The Conductor and the New Orchestra
This radical vision connects directly back to our orchestrator. In a Life-Event Government, the orchestrator’s role becomes clear: they are the mission leader for a specific life journey. The Minister for Later Life and Bereavement would orchestrate their pooled budget and multi-agency team. They would act as a Backbone Organization to align charities and community groups, while deploying the skills of a Systems Integrator to ensure the digital services are seamless. This answers Matt’s final question: orchestration must be about both finance and wider support. The orchestrator is given control of the finances so that they can coordinate the holistic support network.
Of course, a wholesale re-architecting of the state is a radical proposal, not a short-term plan. But this exercise in reductio ad absurdum isn’t an academic flight of fancy; it’s a vital diagnostic tool.

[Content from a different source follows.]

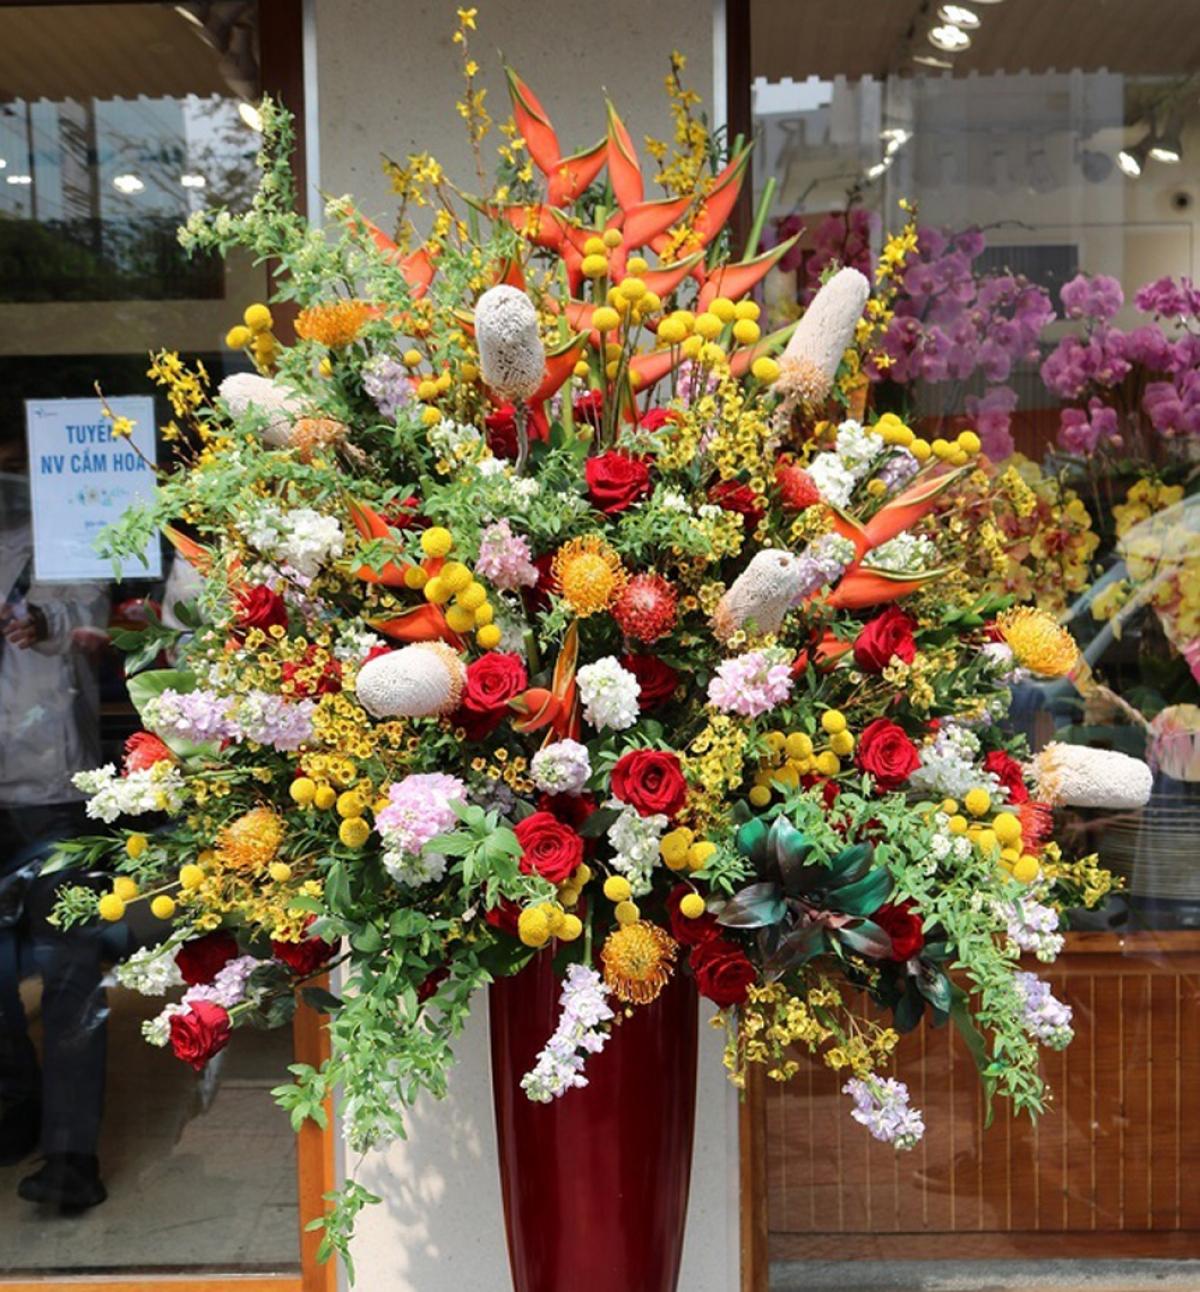 Bình hoa cao 1,6 m với nhiều loại nhập khẩu giá trị cao như hoa phi yến, hoa hồng Ecuador, hoa protea, mai mỹ, banksia... cũng được bán ra với giá 50 triệu đồng. (Ảnh: Zing)

By sketching out what a truly citizen-centric and ‘orchestratable’ system could look like, we get a clearer sense of the direction of travel. This vision provides a North Star for the difficult, practical work that Matt’s article calls for. It helps us ask better questions within our current, fragmented reality: how can we push for pooled budgets, even on a small scale? How can we build services that feel more like integrated ‘Life Event Teams’?
Ultimately, the search for an ‘orchestrator’ is the critical first step. Understanding the kind of orchestra we should be building is what will help that conductor make the most of the instruments they have today, and slowly, piece by piece, help us build a state that is more in tune with the lives its citizens actually lead.